Hi, I’m Russell. This is issue #1 of Russell’s Index, where I write about the lessons I’ve learned—and continue to learn—as a founding employee at SharpestMinds.
Managerial fiction and bottlenecks
I recently read The Goal: A Process of Ongoing Improvement. It’s a book about operations management in the form of fiction. Alex Rogos—plant manager—struggles to save his manufacturing plant from being shut down by corporate. The day is won by focusing on the plant’s constraints (or bottlenecks) and increasing throughput. It’s a little cheesy, but I found it educational and surprisingly hard to put down.
The first lesson Alex Rogos learns is that optimizing anything but the bottleneck is a waste of time. Throughput—the rate of production—can only be as fast as the slowest step in the chain. Any gains in the efficiency of the system have to come from the bottlenecks.
Like most good advice, it sounds like common sense. But—like most good advice—it’s easier said than done. Without a holistic view of the system, it’s easy to get trapped in local optima.
In the book, one of the bottlenecks turns out to be a heat treatment machine with limited capacity. The steps that lead to the heat treater have a higher capacity. They can produce parts faster than the heat treater can process them, resulting in a growing backlog in front of the heat treatment machine.

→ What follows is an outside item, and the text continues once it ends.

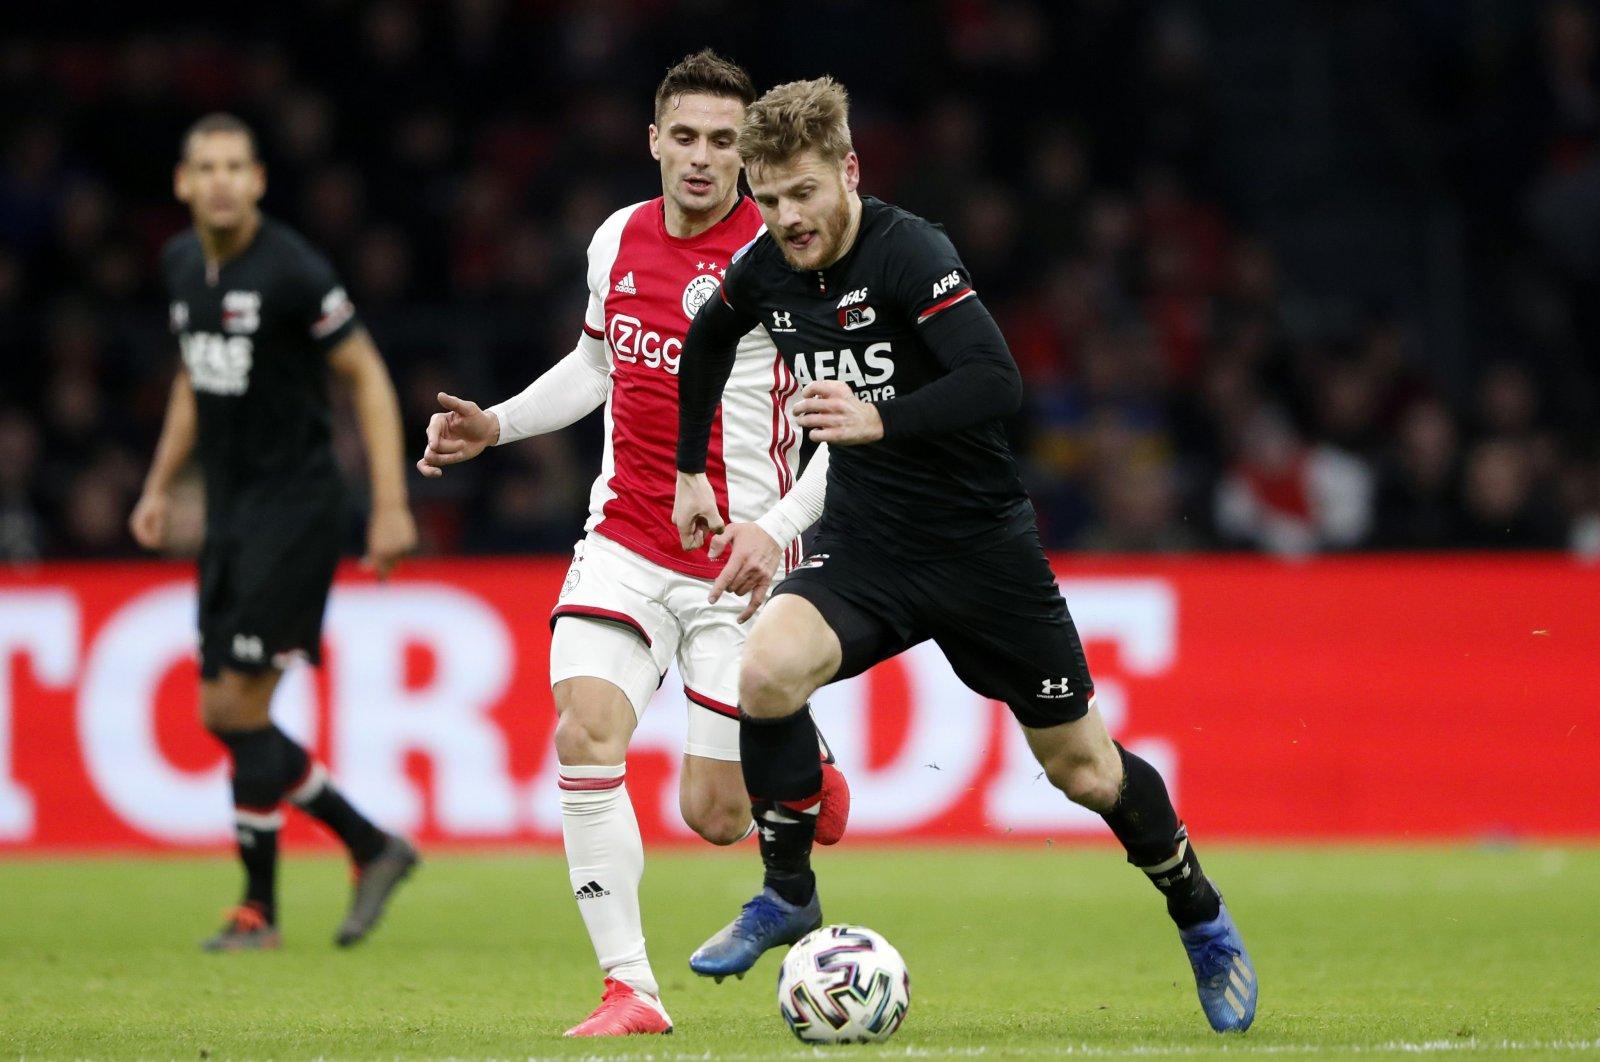 Ajax's Dusan Tadic fights for the ball against AZ Alkmaar's Frederik Midtsjo during an Eredivisie match, Alkmaar, March 1, 2020. (AFP Photo)
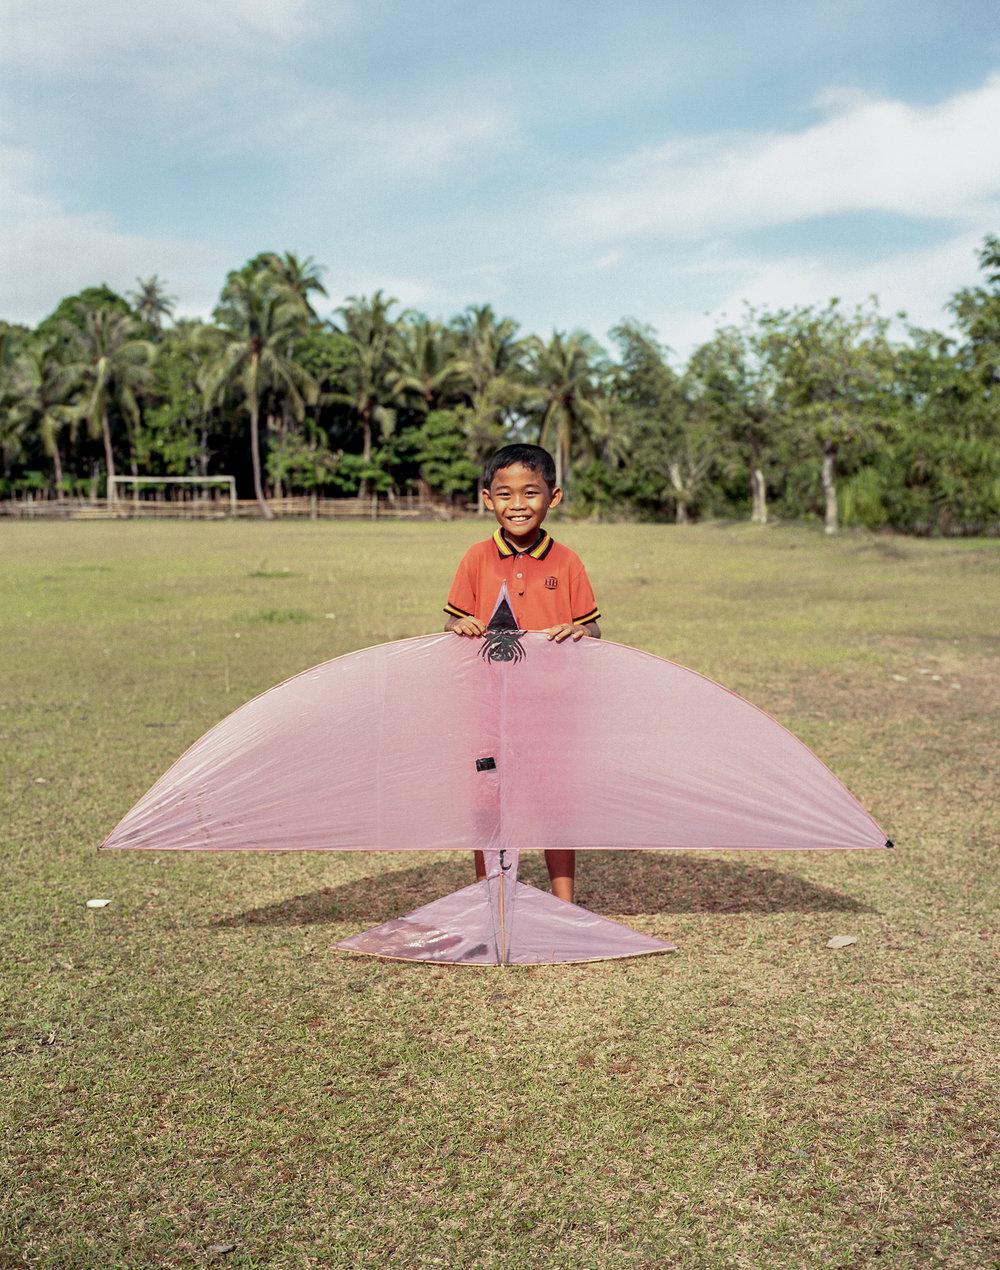 indo.kites253.jpg

In operations jargon, that backlog is work-in-process (WIP). WIP can hide inefficiencies in the system, encourage busy-work, and increase costs (on storage and maintenance, for example). There’s also a heavy psychological toll that comes from an infinite backlog.
Most of the steps in any process should not run at their maximum capacity. They should match the capacity of the bottleneck. [1]
It can seem counter-intuitive. Letting the bottleneck set the pace means that employees responsible for non-bottleneck steps will have less to do. From their point of view (and their managers), this might feel wasteful. There’s often pressure—explicit and implicit—to stay busy and fill the day with work. That time would be better spent trying to increase the capacity of the bottleneck.
Bottlenecks and code review
The Goal is set in a manufacturing plant, but the ideas it teaches—inspired by the Toyota Production System—can be applied to any process.
Consider software development. Throughput, in this case, is the rate at which code is deployed to production. [2] At SharpestMinds, we make sure that every update to our code-base goes through a code review step before we merge and deploy. This is a bottleneck. No matter how much code I write on any given day, it still has to be tested and reviewed.
The easy fix is to get rid of code review. But it’s a step I’m not ready to abandon. There are a lot of benefits—catching mistakes and flaws, keeping co-workers up to date on changes to the code-base, and forcing accountability.
There are ways to make code review more efficient, however. Linting and automated tests can catch a lot of mistakes early, reducing the load on human reviewers. Another healthy developer habit is to be the first to review your own code. You might catch some obvious mistakes and avoid additional back and forth between you and the reviewer.
It can be tempting to dismiss CI tools and automated tests—especially in the early days of a startup—because it feels like time taken away from building. But, in the long run, investing in automated testing will increase the capacity of a bottleneck.
Even the smallest steps can help. In my first few months working as a developer, I did not have a linter enabled on my editor. When I finally clued in, it saved me tons of time. By catching formatting and syntax errors as I was coding, it reduced the need for additional commits to fix stupid mistakes.
Taking the time to think through processes and find the bottlenecks can be useful, even though it feels like common sense. We can be blinded by the need to feel busy, or by legacy procedures—because that’s how we’ve always done it.
Just recently, I found a blind spot in a process at SharpestMinds. Once a pull request is approved, our procedure has been that the person who wrote the code merges the change. There may have been a good reason for this, but I forget it now. It’s just how we’ve always done it. [3] But it’s increasing the time spent at the bottleneck—potentially extending the lead-time of a code change by days. If the reviewer approves the code on Friday afternoon but the author is off until Monday, it becomes idle WIP all weekend. A quick update to our process—if you approve it, you can merge it—will give us an easy win by reducing WIP and increasing throughput.
[1] Though it’s good to maintain a small buffer at the bottleneck in case a non-bottleneck step stops or breaks. Idle time at the bottleneck is costly.
[2] Actually, I’d be a bit worried about misaligned incentives with this definition. The goal of any company is not to ship the most code, it’s to provide value for its stakeholders. A better measure of throughput might be something like, the rate at which we can add useful features for our users. The bottleneck here will often be the measurement step—collecting data and feedback from users to determine if it is indeed useful, and what to build next.
[3] Perhaps it was because the author of the code would be better suited to watch for obvious errors as their changes are rolled out to production. With good enough testing and documentation (on how to revert a change if it breaks in production, for example), this is a moot point.